L’impact dévastateur de la
Ligue 2 sur les finances : un cercle vicieux pour
l’appel
Paradoxalement, la perspective même de la Ligue
2 – verdict que l’OL tente de renverser – crée un cercle vicieux
financier qui mine ses chances en appel. Si la relégation était
confirmée, les conséquences économiques seraient si brutales
qu’elles rendent la présentation d’un budget équilibré et crédible,
même pour l’échelon inférieur, extrêmement complexe. Les droits TV,
manne financière essentielle, s’effondreraient : de 30 à 50
millions d’euros par an en Ligue 1 pour l’OL, ils seraient
plafonnés à 2 ou 3 millions en Ligue 2, plus une part variable très
limitée. Les recettes de billetterie et d’hospitalités subiraient
une baisse d’au moins 40%, selon les études d’impact. Le Groupama
Stadium, autrefois un atout majeur, devient un fardeau : une clause
de relégation dans son financement impose que la caisse de réserve
(DSRA) reste provisionnée à hauteur de douze mois de service de la
dette tant que la relégation est une menace, générant un surcoût de
trésorerie immédiat. Sportivement, l’effet domino est inévitable :
des départs de joueurs majeurs (Nuamah, Fofana sont déjà ciblés)

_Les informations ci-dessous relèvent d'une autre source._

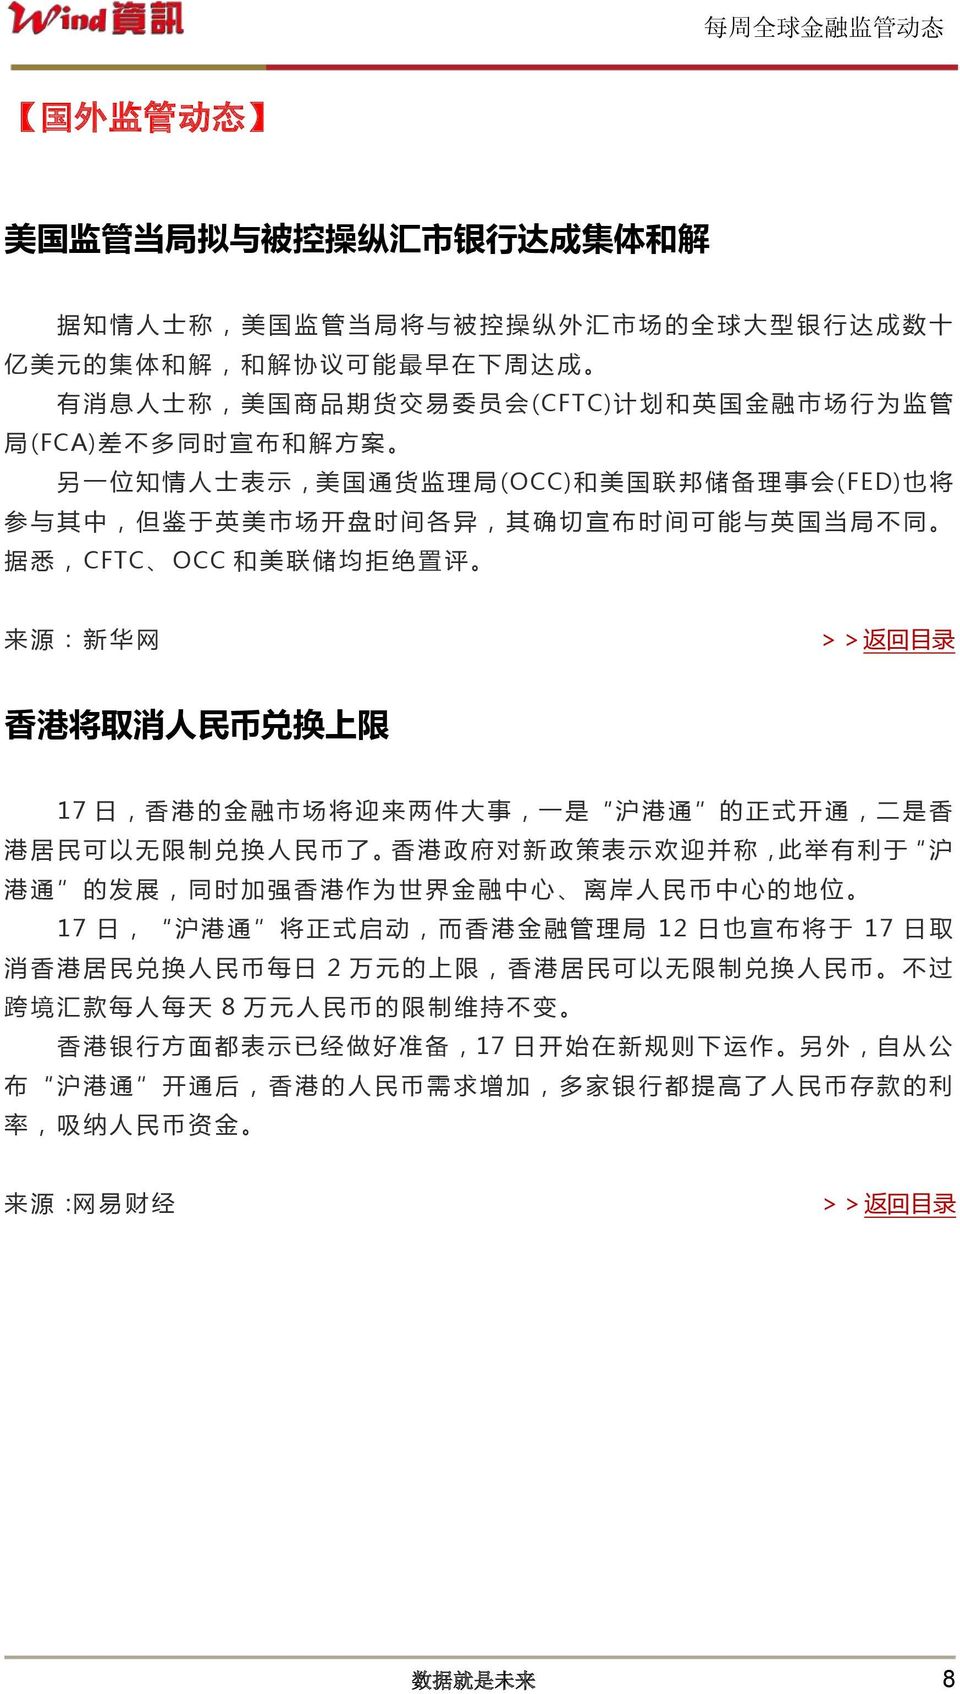 同 据 悉,CFTC OCC 和 美 联 储 均 拒 绝 置 评 来 源 : 新 华 网 香 港 将 取 消 人 民 币 兑 换 上 限 17 日, 香 港 的 金 融 市 场 将 迎 来 两 件 大 事, 一 是 沪 港 通 的 正 式 开 通, 二 是 香 港 居 民 可 以 无 限 制 兑 换 人 民 币 了 香 港 政 府 对 新 政 策 表 示 欢 迎 并 称, 此 举 有 利 于 沪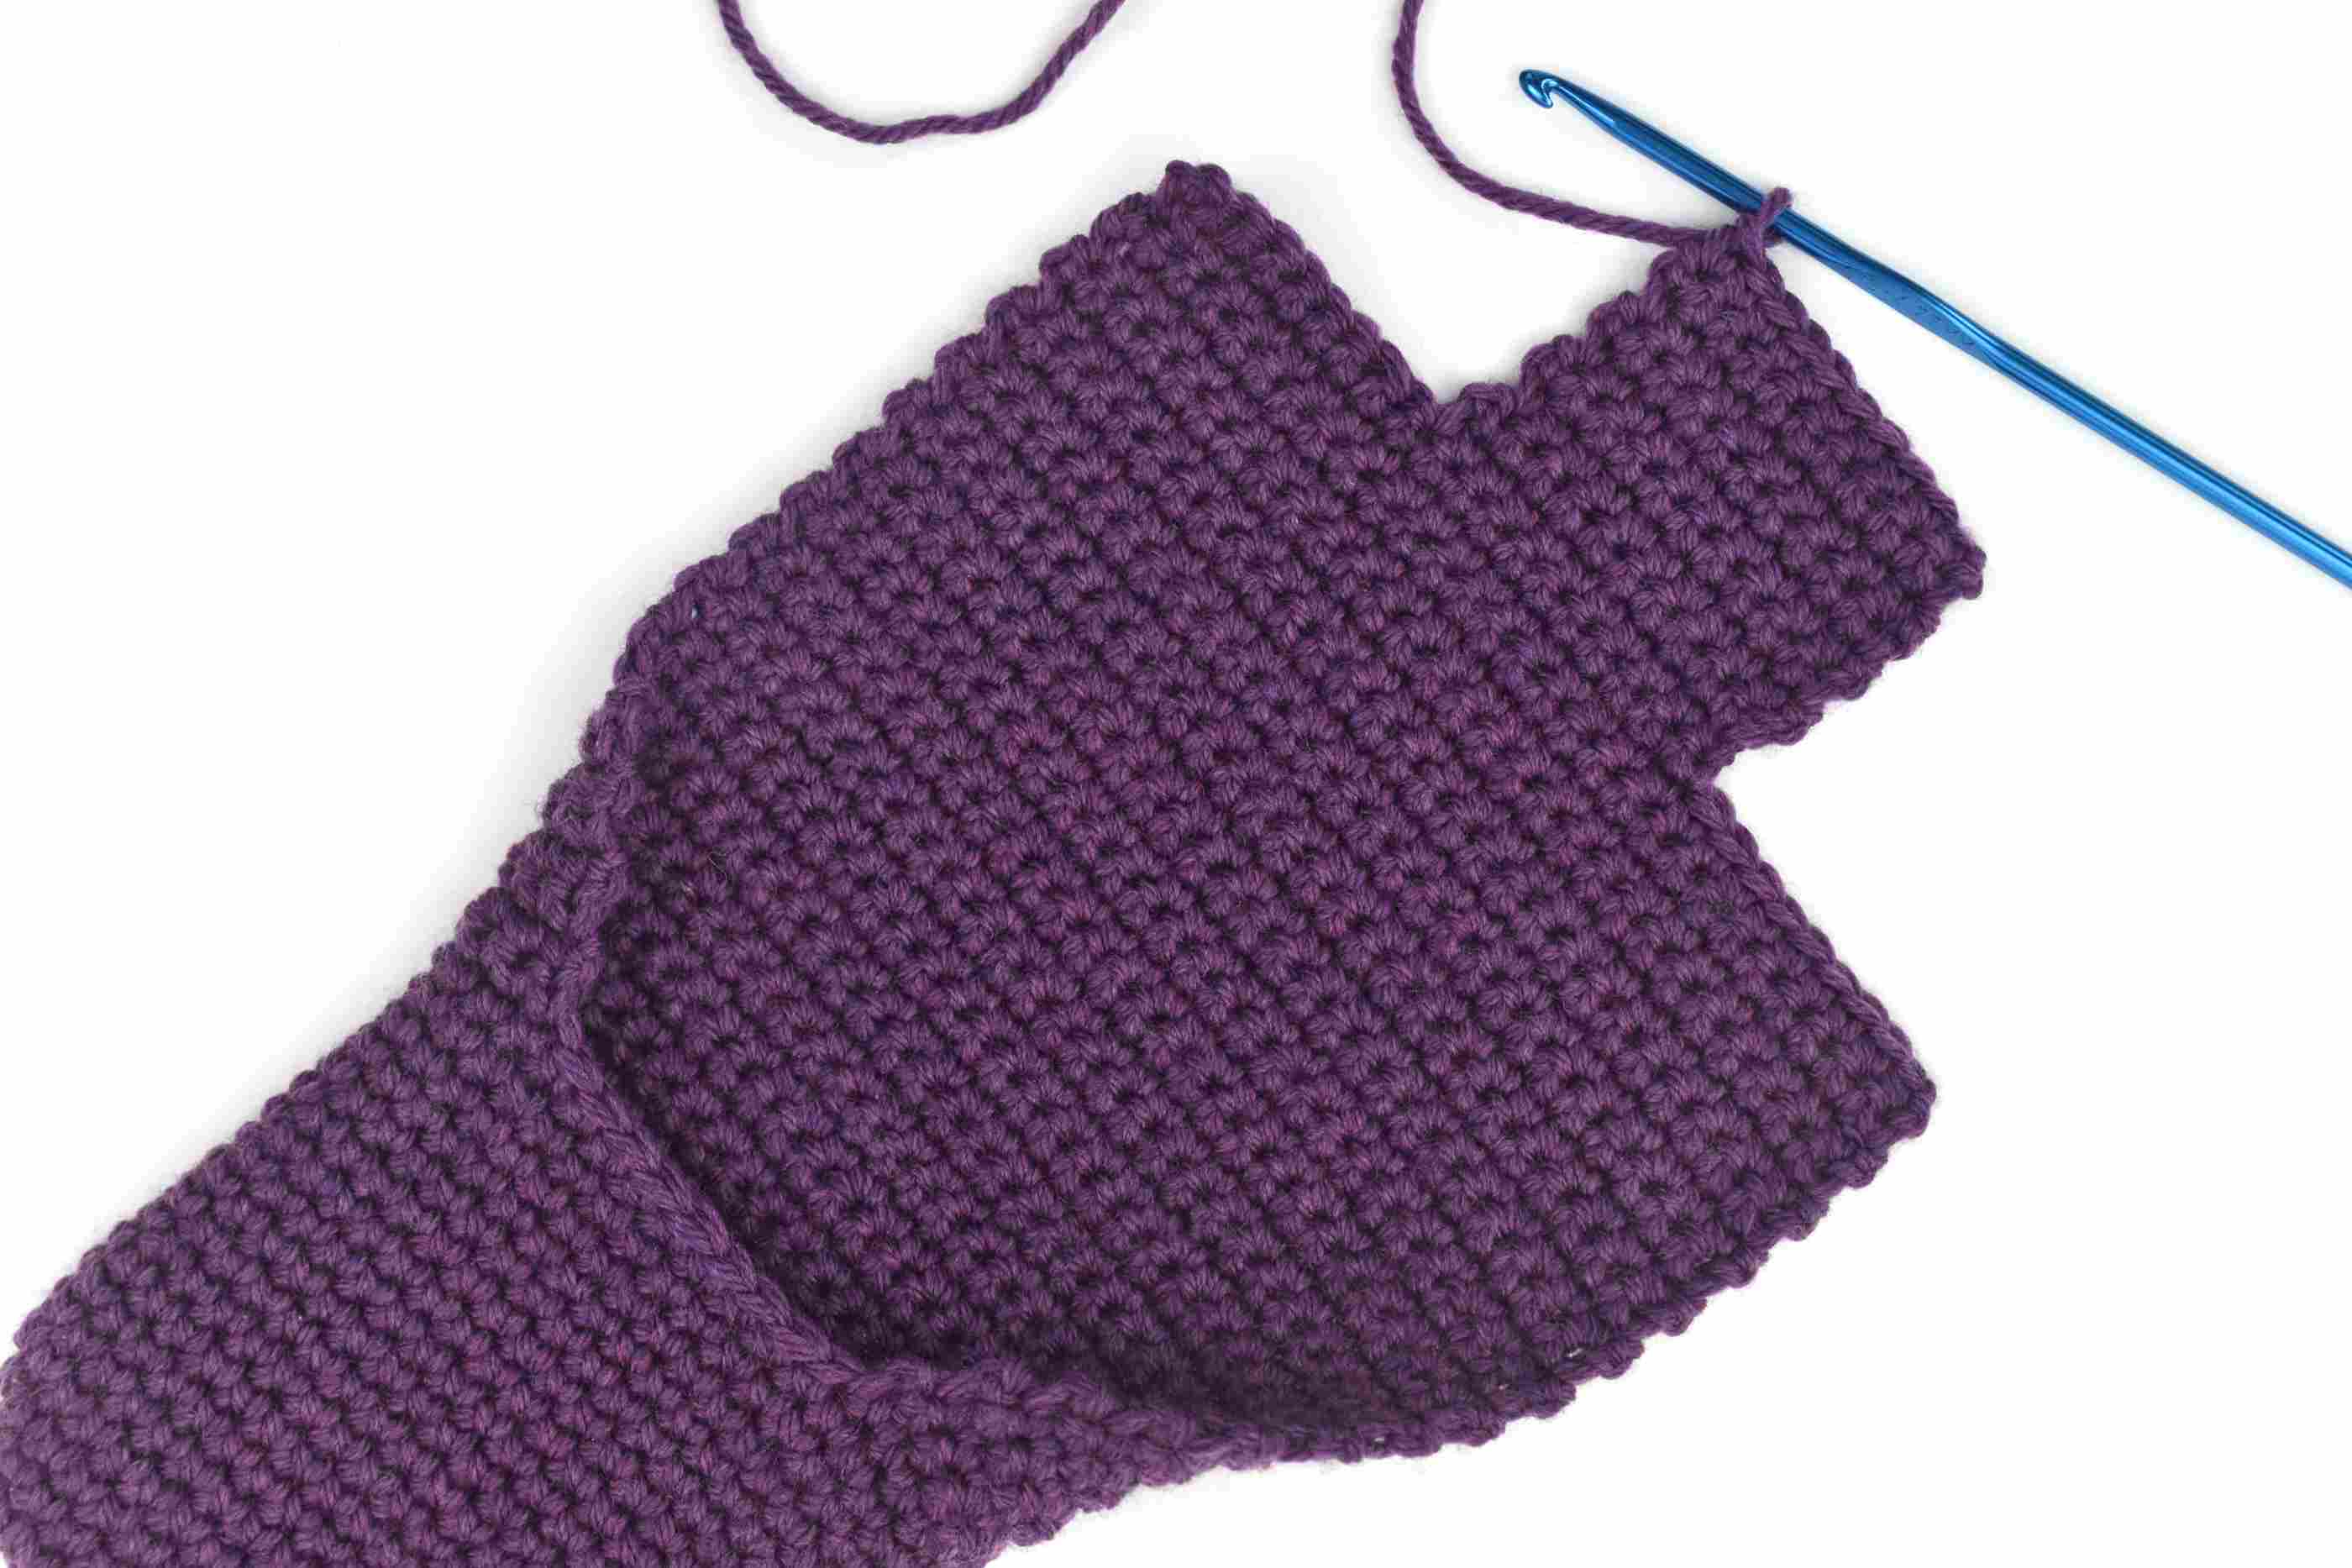 Crochet Slippers Pattern Simple Crochet Slippers Free Pattern

seraient facilités, et une interdiction de recrutement pourrait
même être prononcée si la masse salariale n’est pas drastiquement
réduite (de 40 à 50%). Ces projections désastreuses pèsent
lourdement sur la crédibilité du plan de sauvetage que l’OL doit
présenter à la commission d’appel pour espérer un maintien en Ligue
1.
En
conclusion, si l’Olympique Lyonnais va légitimement se battre
jusqu’au bout, en multipliant les recours et en tentant de
mobiliser des fonds en urgence, les obstacles structurels,
financiers, juridiques et calendaires semblent dessiner une issue
défavorable pour éviter la Ligue 2. La perspective de cette
descente, avec ses conséquences économiques dévastatrices,
affaiblit d’autant plus sa position. La chute à l’étage inférieur,
aussi douloureuse et impensable soit-elle pour ce géant du football
français, apparaît aujourd’hui comme un scénario dont il sera
extrêmement difficile de s’extraire. Le football français retient
son souffle, face à ce qui pourrait être l’une des plus grandes
déflagrations de son histoire récente.